*Instructions for the task*
Each word in the data below should be copied exactly; the images should not.

*Raw data*
* * * *
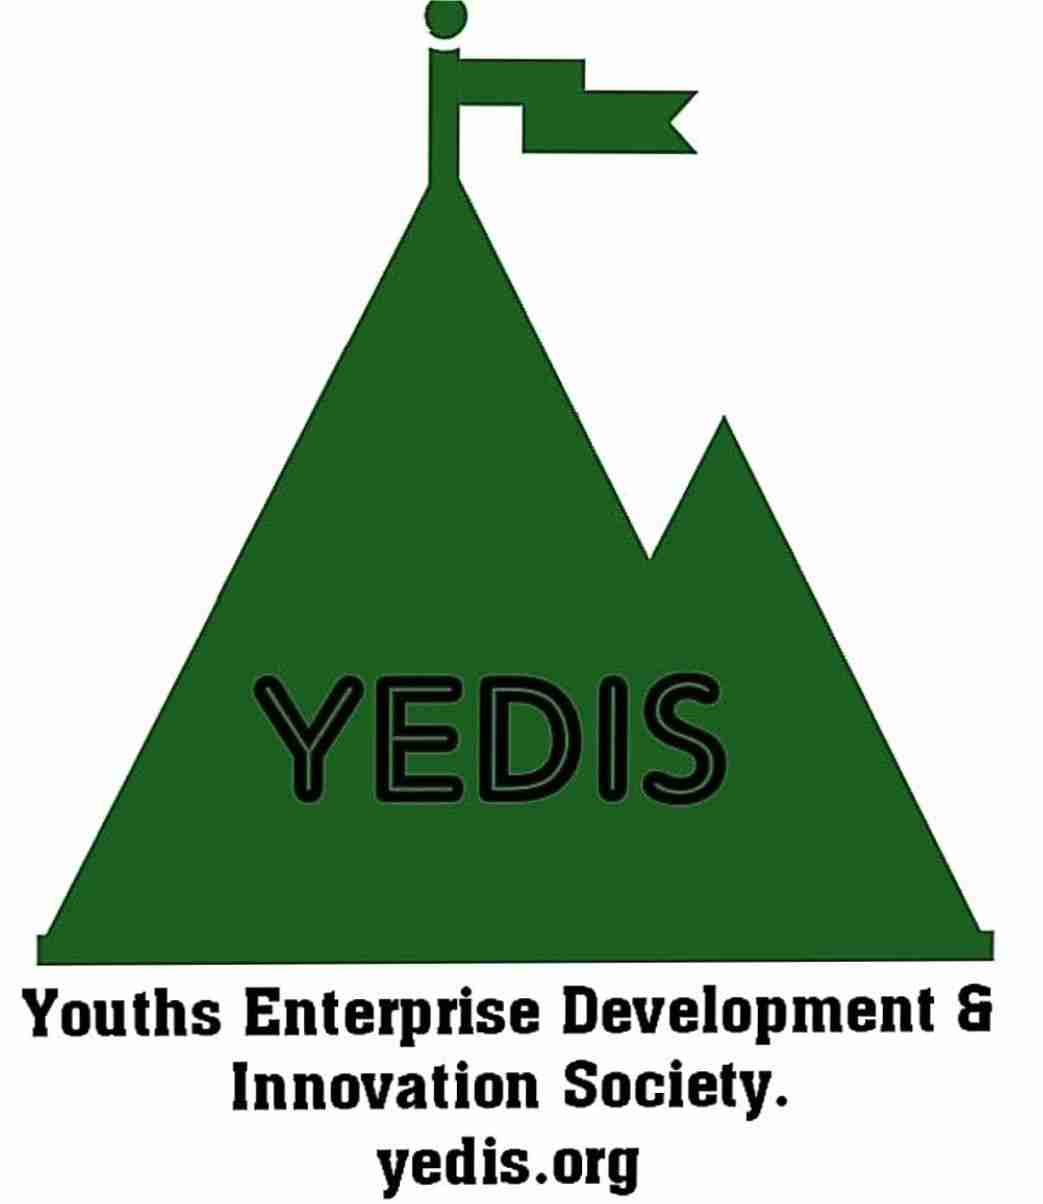 Youths Enterprise Development & Innovation Society
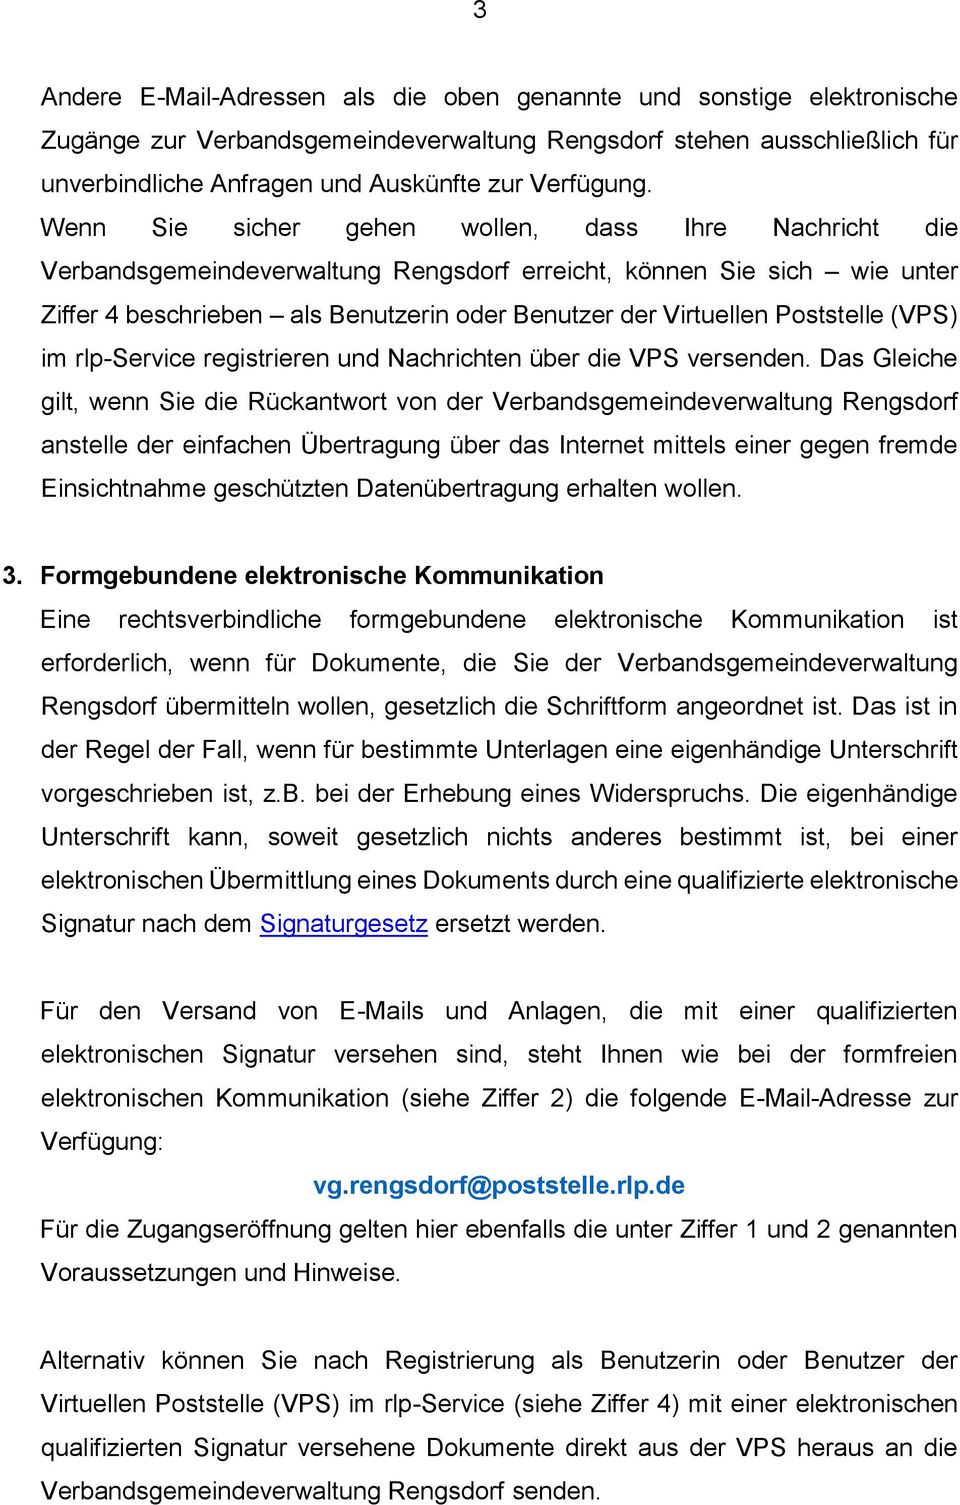 Wenn Sie sicher gehen wollen, dass Ihre Nachricht die Verbandsgemeindeverwaltung Rengsdorf erreicht, können Sie sich wie unter Ziffer 4 beschrieben als Benutzerin oder Benutzer der Virtuellen
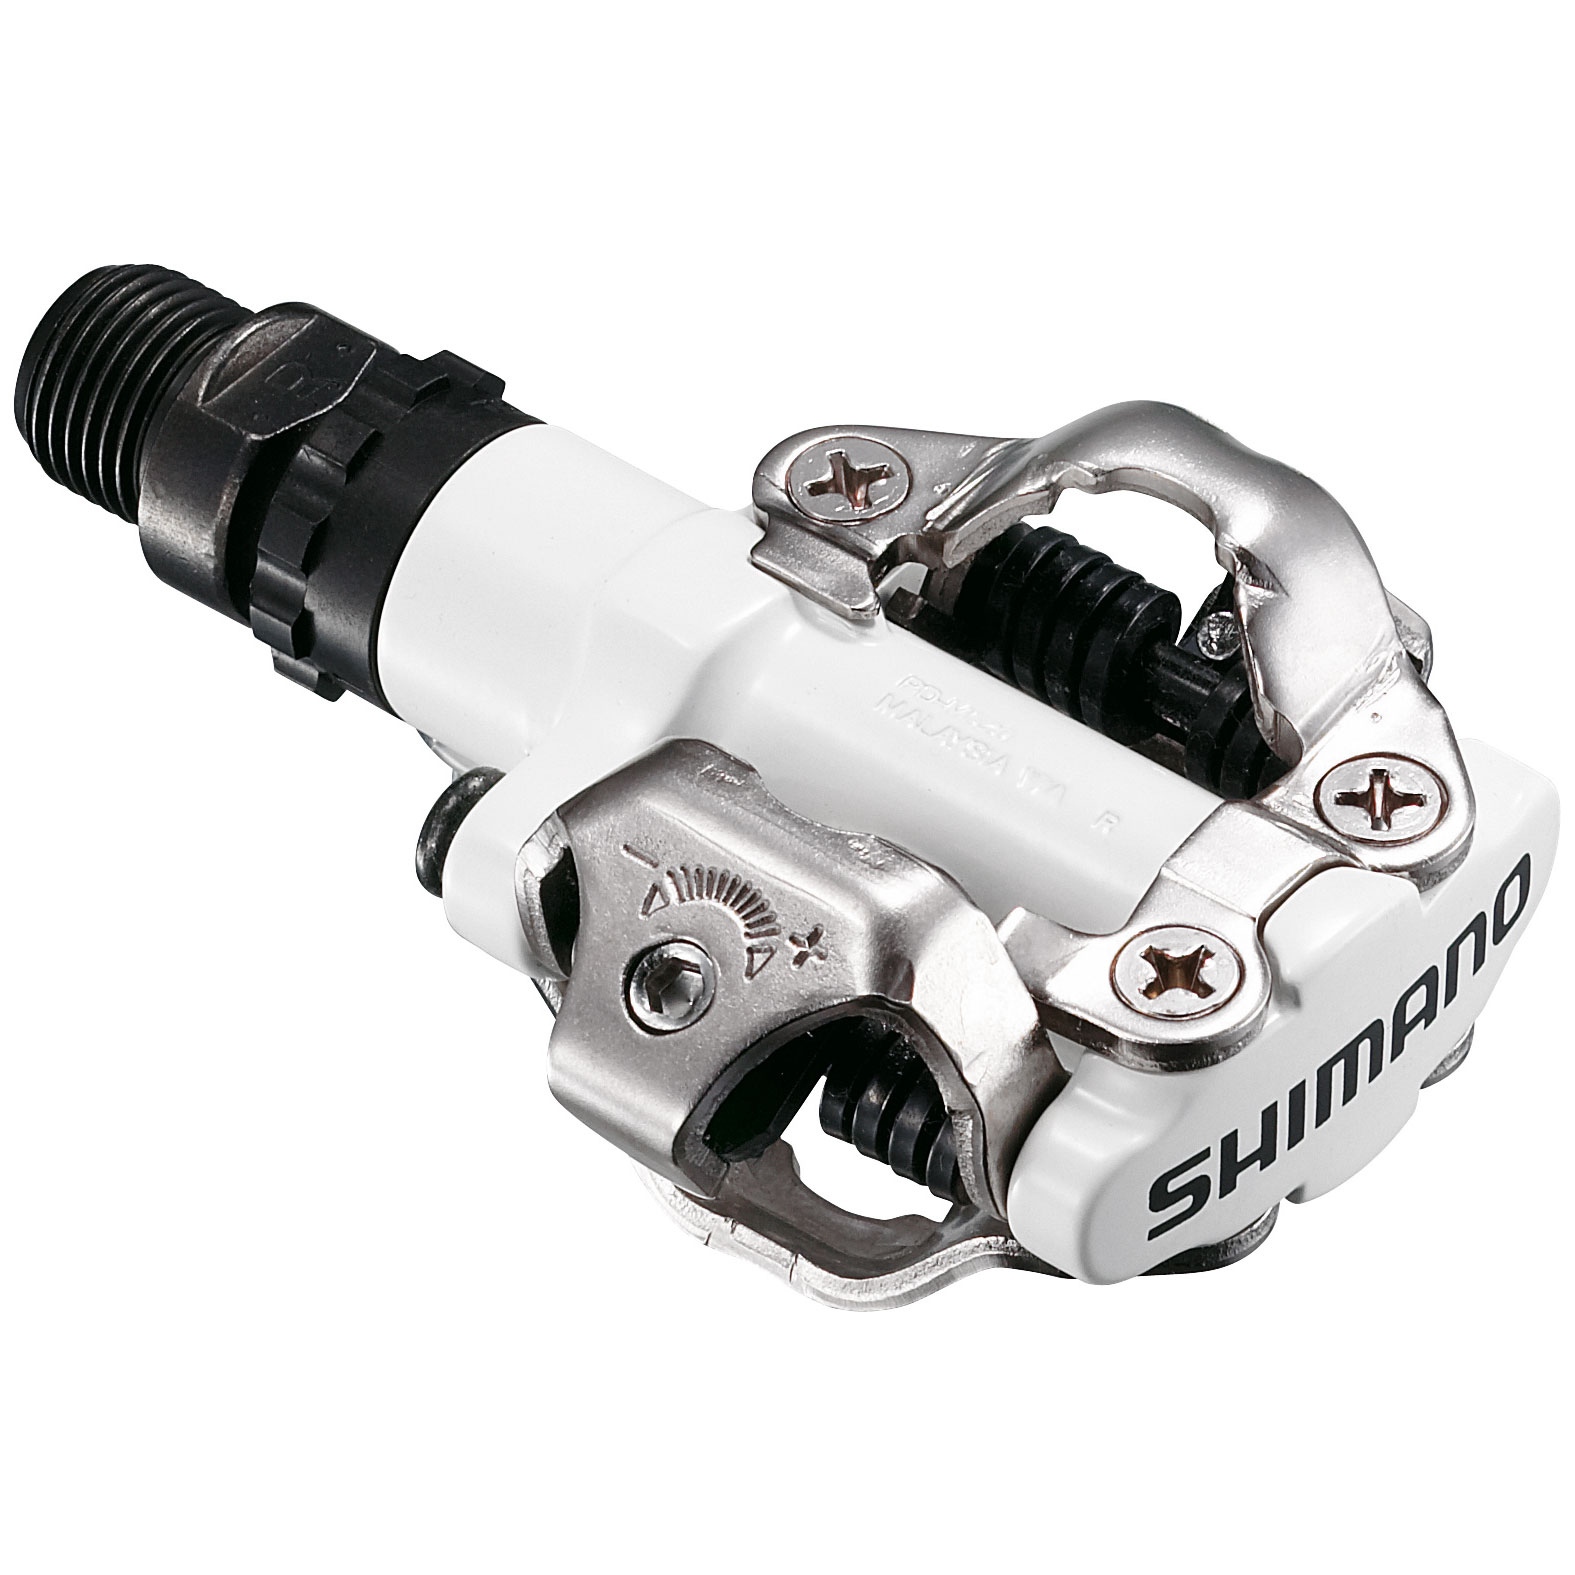 Produktbild von Shimano PD-M520 SPD Pedal - weiß
* * * *
*Finished exercise*
 Youths Enterprise Development & Innovation Society
 Wenn Sie sicher gehen wollen, dass Ihre Nachricht die Verbandsgemeindeverwaltung Rengsdorf erreicht, können Sie sich wie unter Ziffer 4 beschrieben als Benutzerin oder Benutzer der Virtuellen
 Produktbild von Shimano PD-M520 SPD Pedal - weiß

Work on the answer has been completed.